提高人类在领域知识发现中的表现的聊天机器人对话设计

机器学习（ML）的出现导致开发面向任务的对话系统被广泛采用，用于科学应用程序（例如科学网关），在这些应用程序中，为域用户检索和管理大量信息源。然而，在设计能够在科学界广泛传播的聊天机器人对话系统方面仍然存在着挑战。在本文中，我们提出了一个新的Vidura顾问设计框架（VADF）来开发用于信息检索（IR）和问答（QA）任务的对话系统设计，同时在不同的应用环境中实现基于人的性能的系统效用量化。我们在我们的框架中采用社会技术方法，通过利用领域专家反馈来设计对话系统，该框架具有稀疏检索器，可以使用线性插值平滑在QA设置中实现准确的响应。我们将我们的VADF应用于一个范例科学网关，即KnowCOVID-19，以进行实验，证明基于IR和QA性能、应用程序实用性和感知采用率的对话系统的实用性。实验结果表明，我们的VADF方法在科学文献数据集上显著提高了针对检索器基线的IR性能（提高了5%）和针对大型语言模型（llm）（如ChatGPT）的QA性能（提高了43%）。此外，通过一项可用性调查，我们观察到，在将VADF应用于KnowCOVID-19时，衡量应用程序的效用和人的性能可以转化为感知社区采用率的提高。

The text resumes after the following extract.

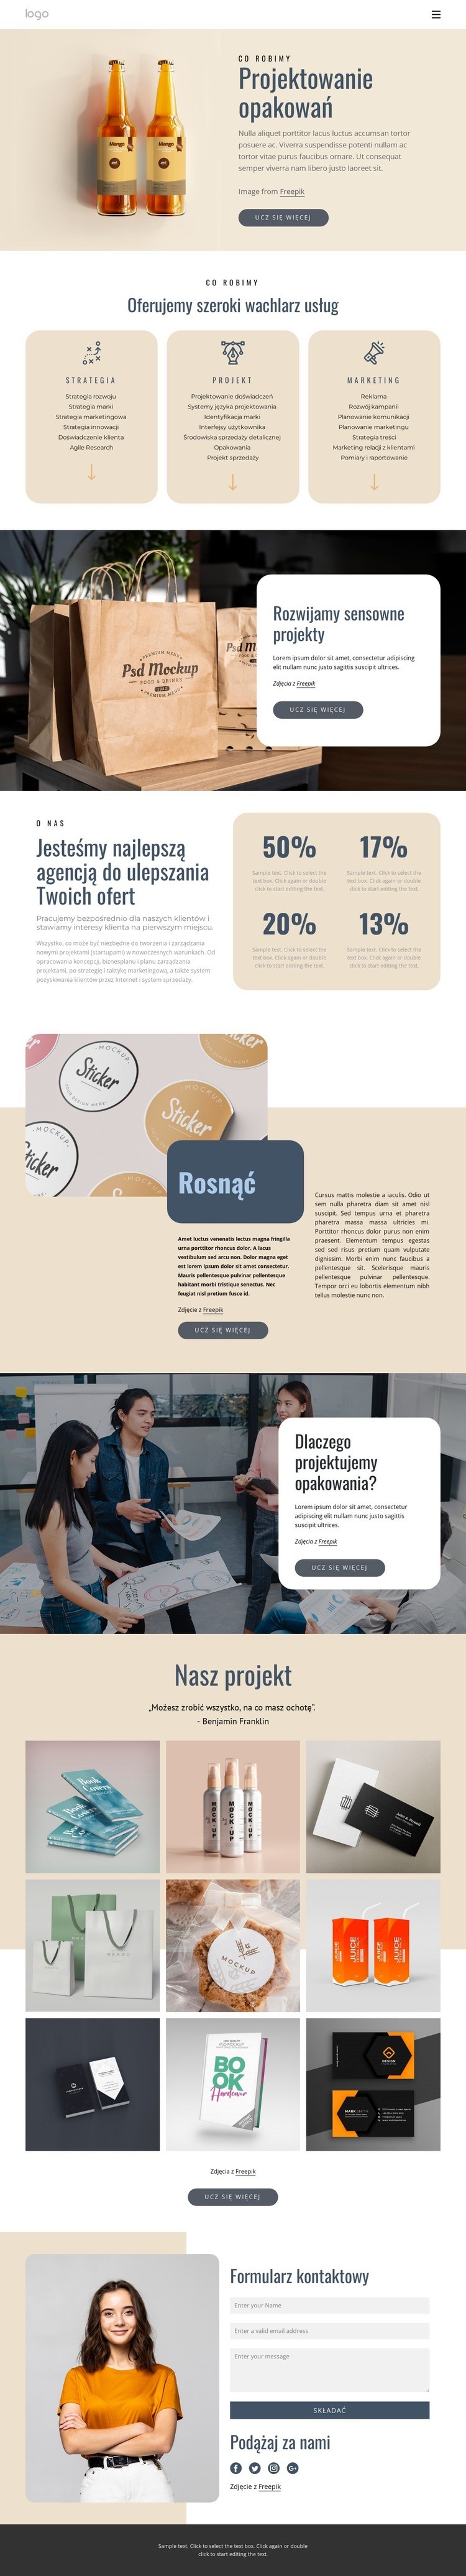 Branding i projektowanie opakowań Makieta strony internetowej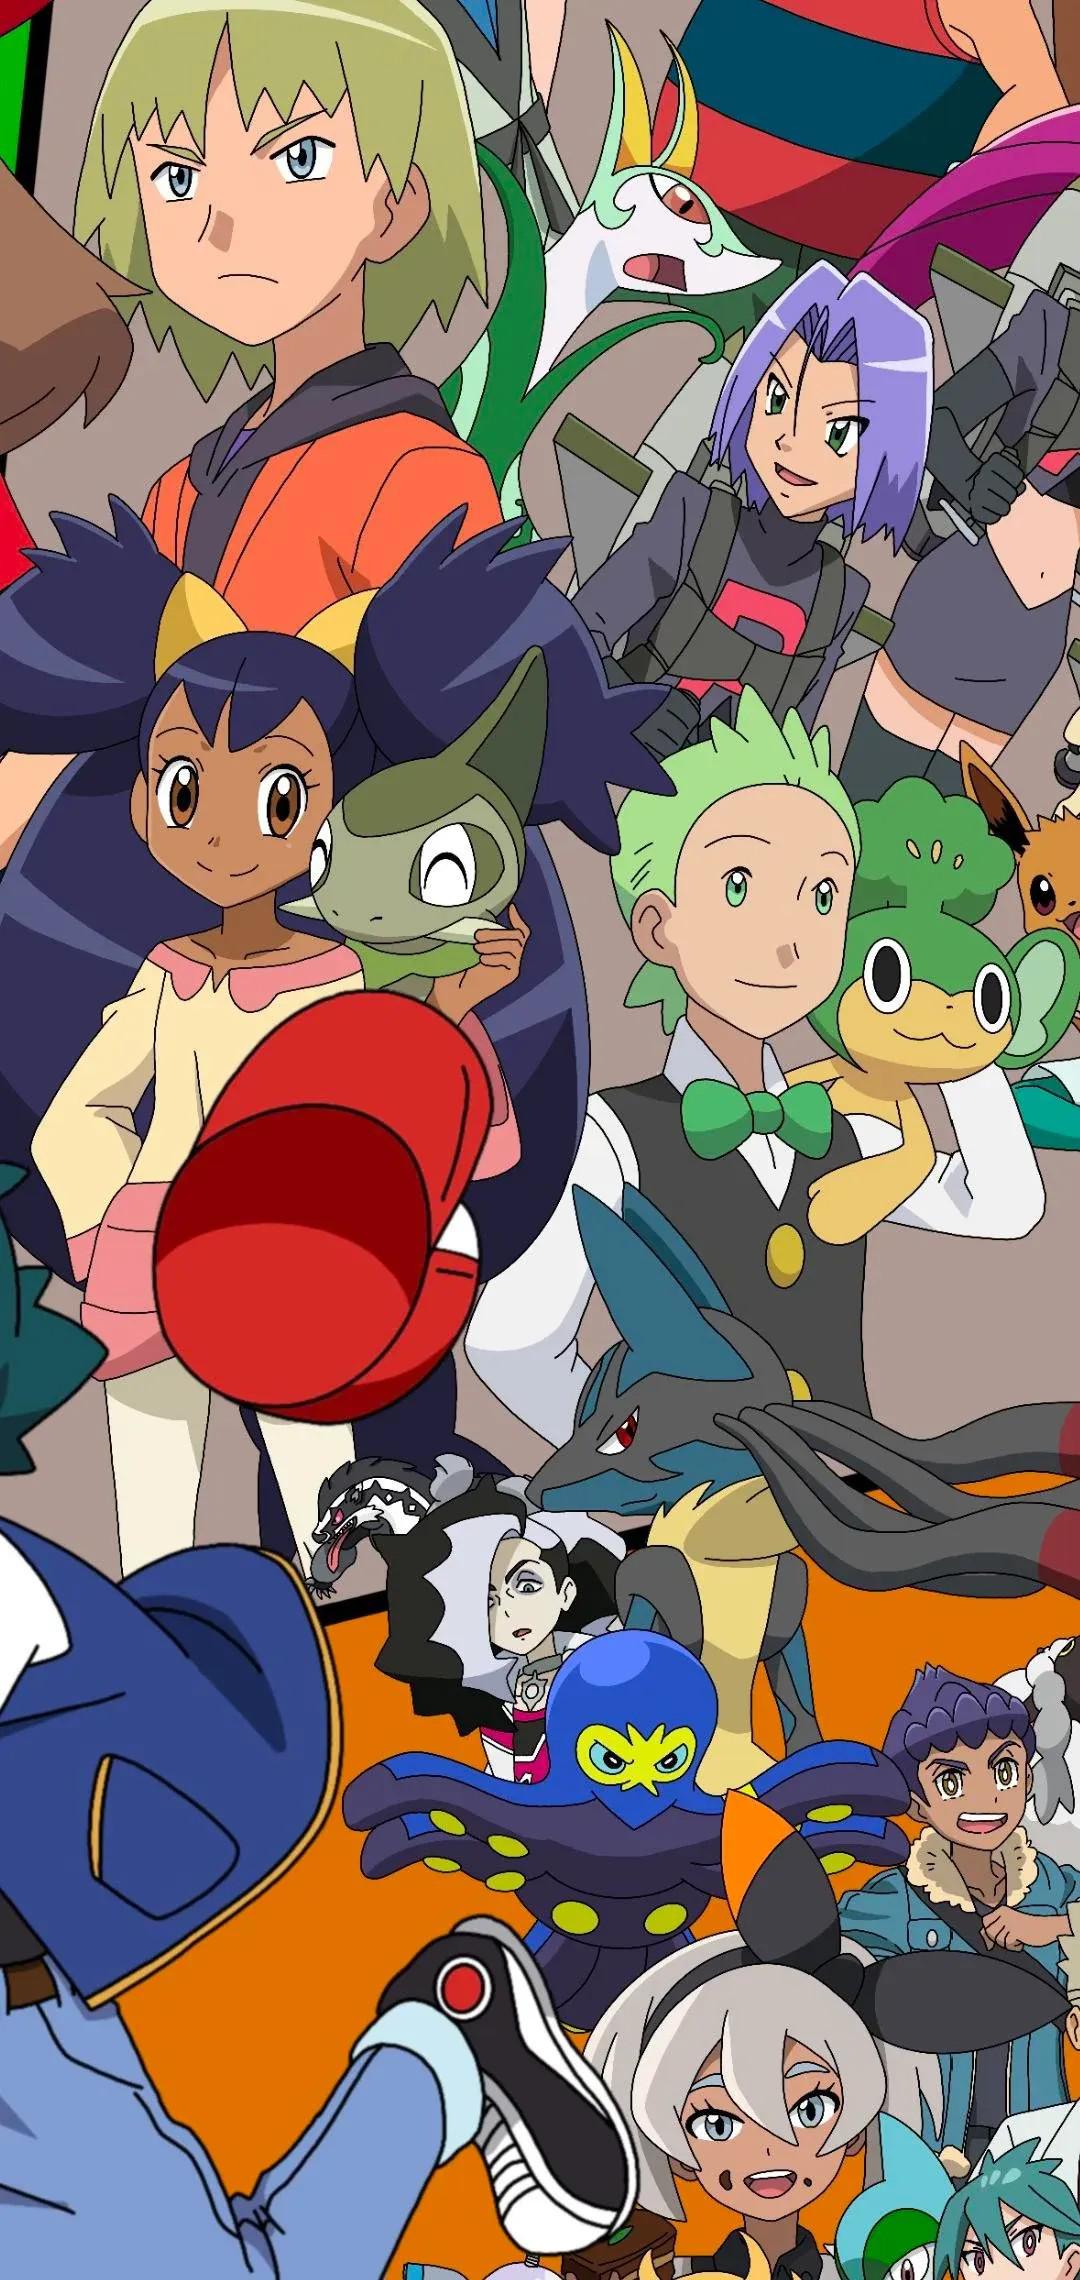 Arte de fã de Pokemon apresenta todos os personagens principais da franquia

本文章由计算机程序翻译，如有差异，请以英文原文为准。

求助全文

约1分钟内获得全文求助全文

来源期刊

IEEE Transactions on Human-Machine Systems COMPUTER SCIENCE, ARTIFICIAL INTELLIGENCE-COMPUTER SCIENCE, CYBERNETICS

CiteScore

7.10

自引率

11.10%

发文量

136

期刊介绍： The scope of the IEEE Transactions on Human-Machine Systems includes the fields of human machine systems. It covers human systems and human organizational interactions including cognitive ergonomics, system test and evaluation, and human information processing concerns in systems and organizations.